Provided data =>

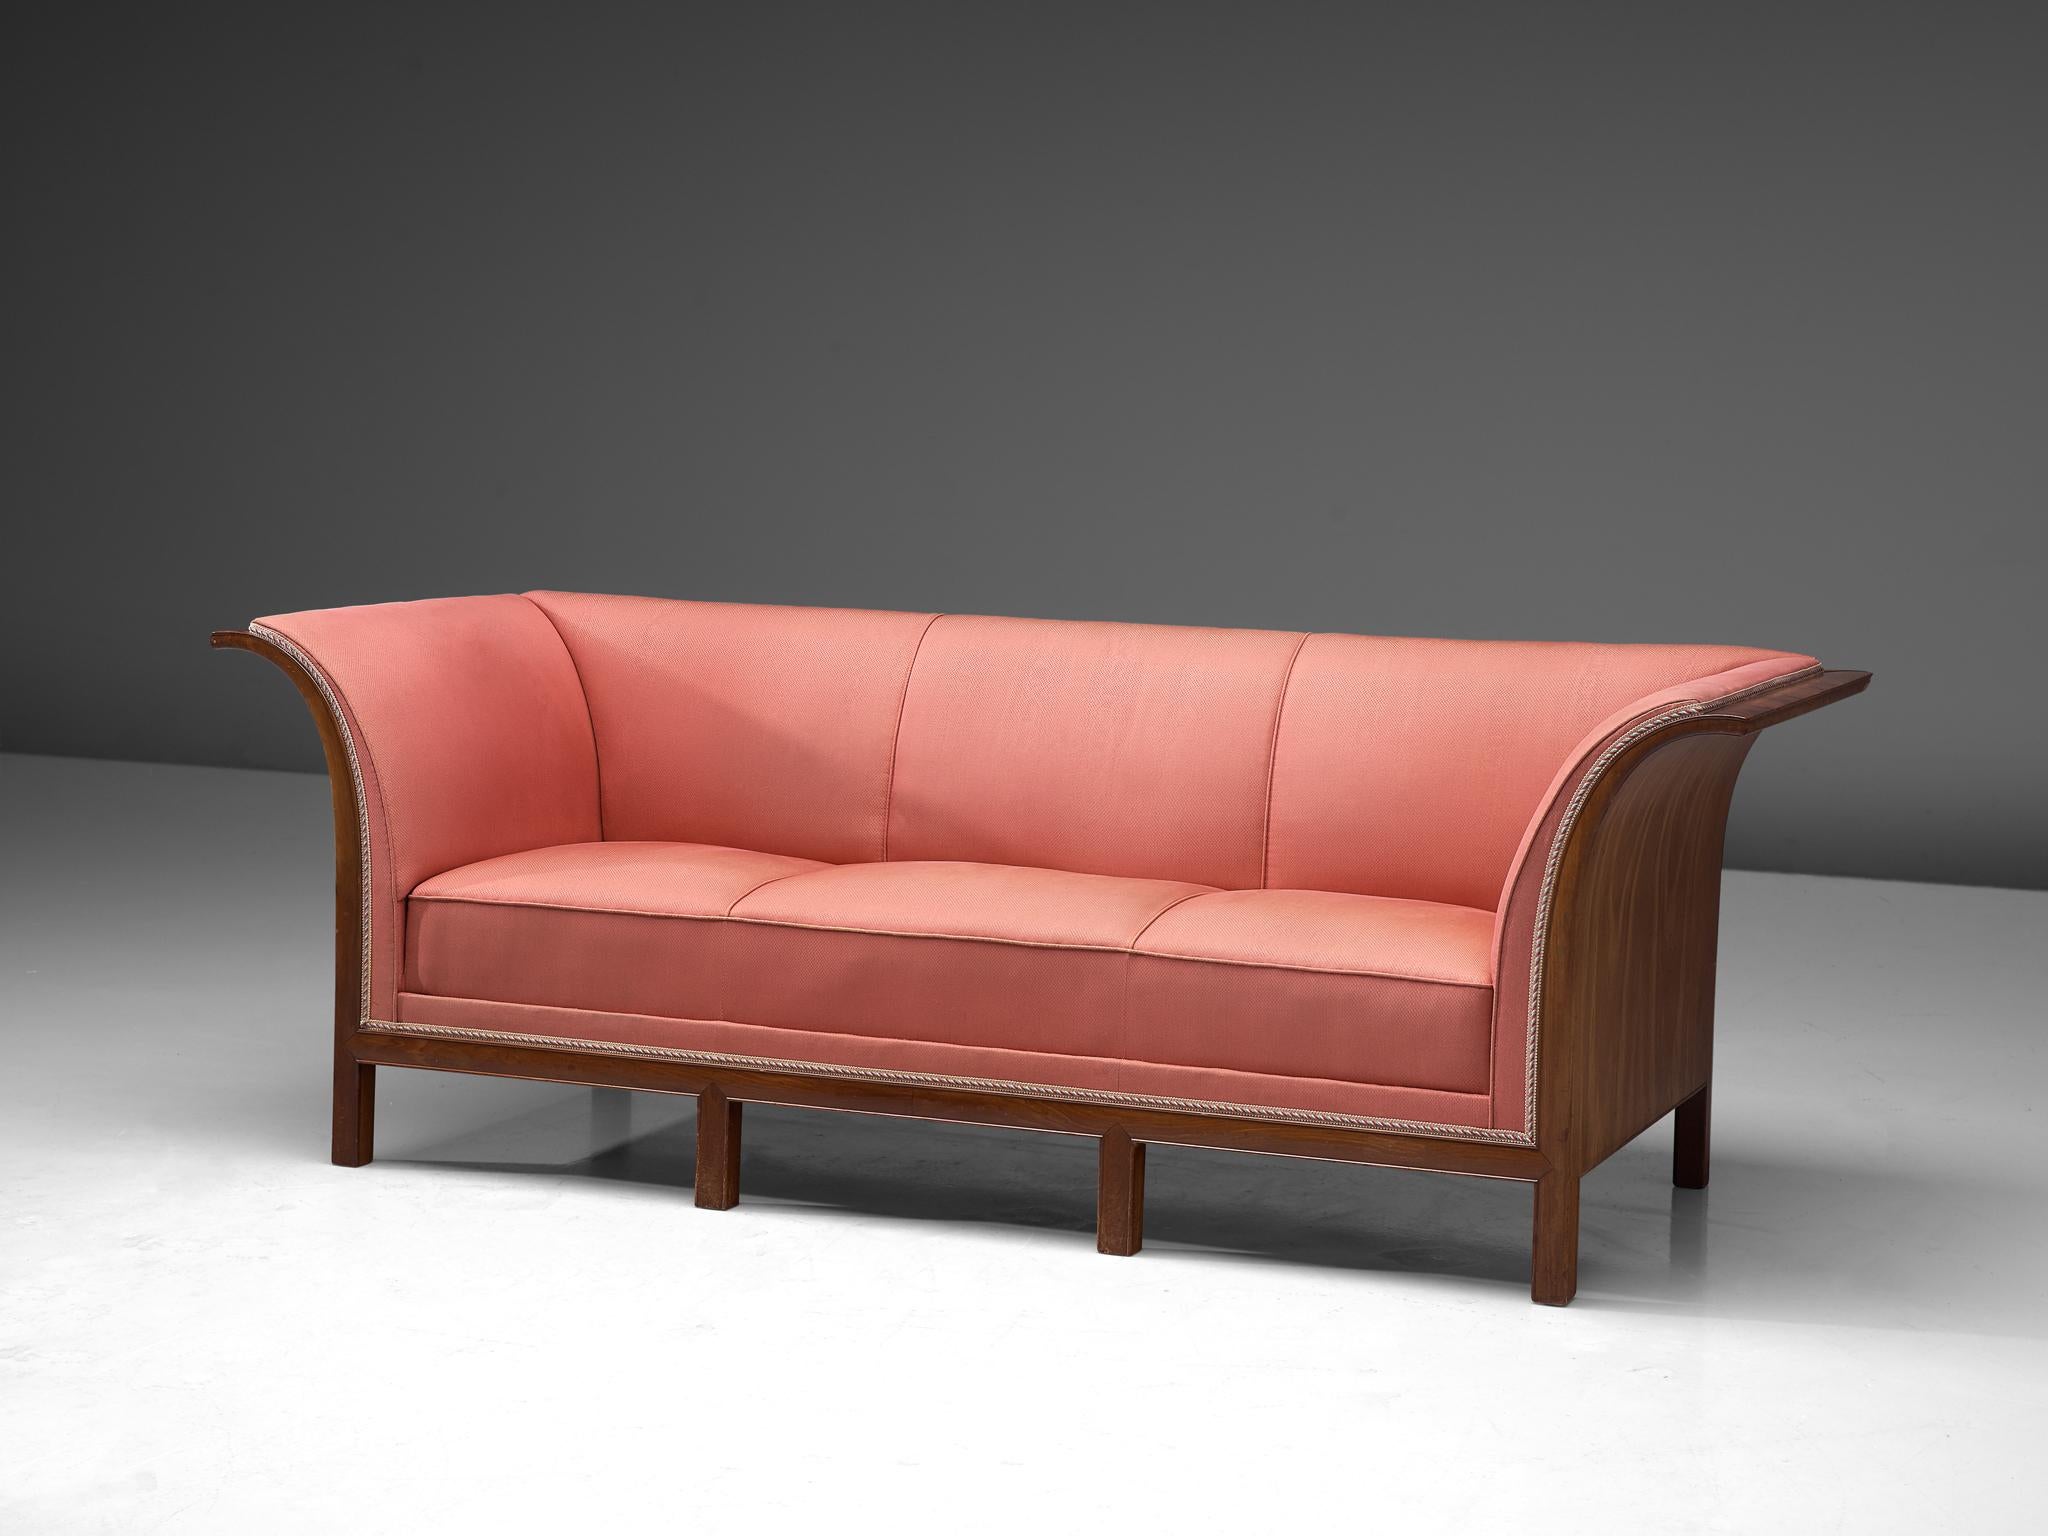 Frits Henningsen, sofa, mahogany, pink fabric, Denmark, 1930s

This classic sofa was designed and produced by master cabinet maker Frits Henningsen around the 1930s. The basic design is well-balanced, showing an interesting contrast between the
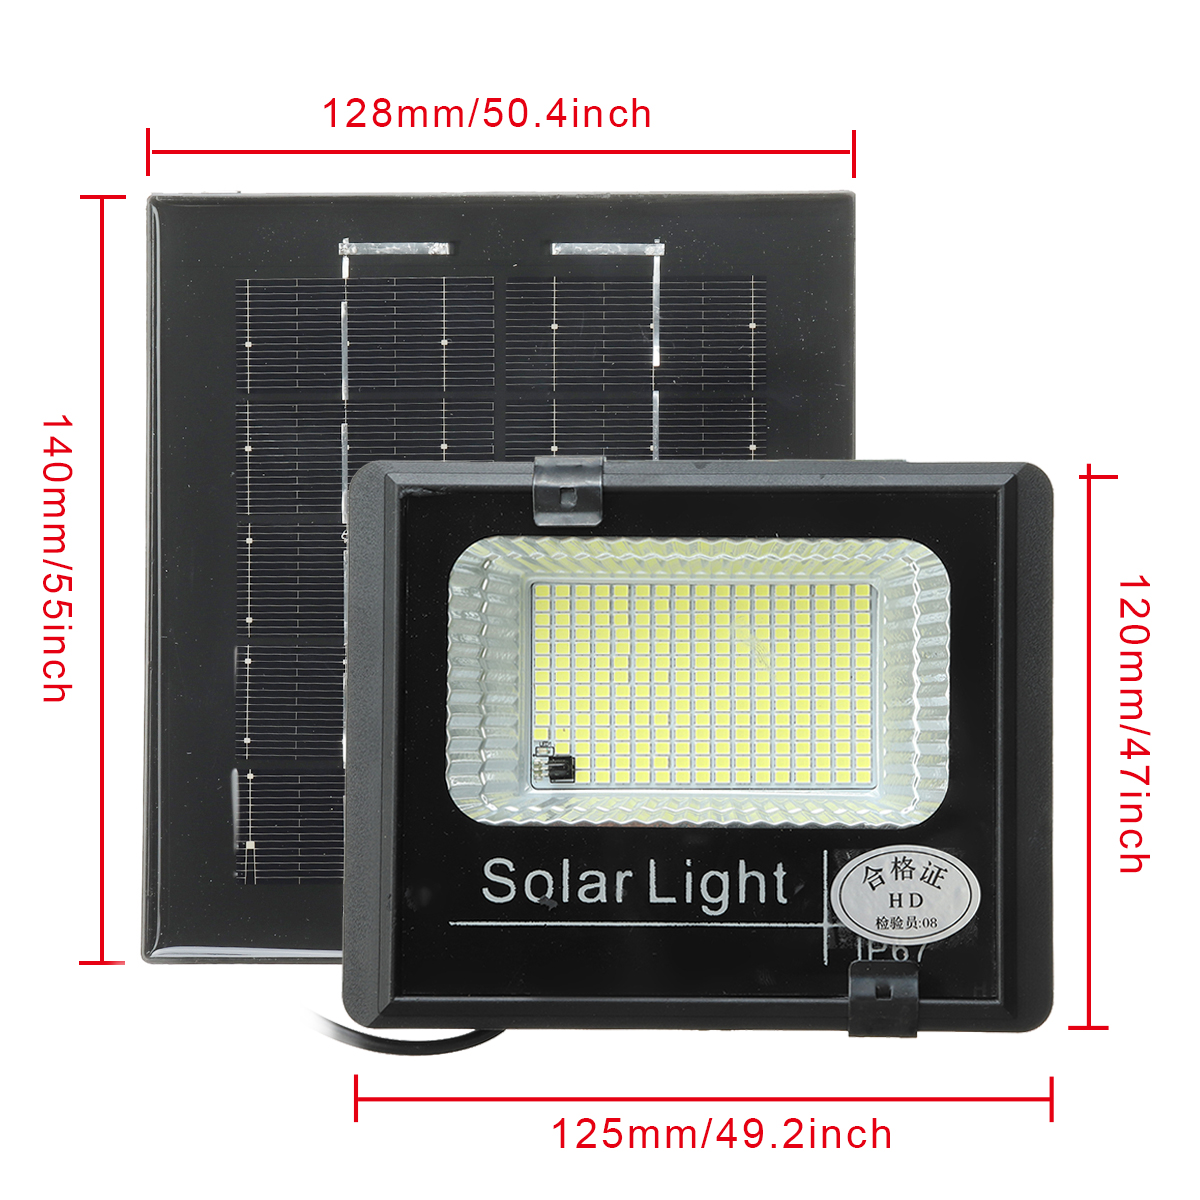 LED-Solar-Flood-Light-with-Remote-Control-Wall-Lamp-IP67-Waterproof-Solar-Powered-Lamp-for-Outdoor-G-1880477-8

Directions => Only the pictures are to be dropped; the rest of the material above must be duplicated exactly.

Solution to this task =>
 Frits Henningsen, sofa, mahogany, pink fabric, Denmark, 1930s

This classic sofa was designed and produced by master cabinet maker Frits Henningsen around the 1930s. The basic design is well-balanced, showing an interesting contrast between the
 LED-Solar-Flood-Light-with-Remote-Control-Wall-Lamp-IP67-Waterproof-Solar-Powered-Lamp-for-Outdoor-G-1880477-8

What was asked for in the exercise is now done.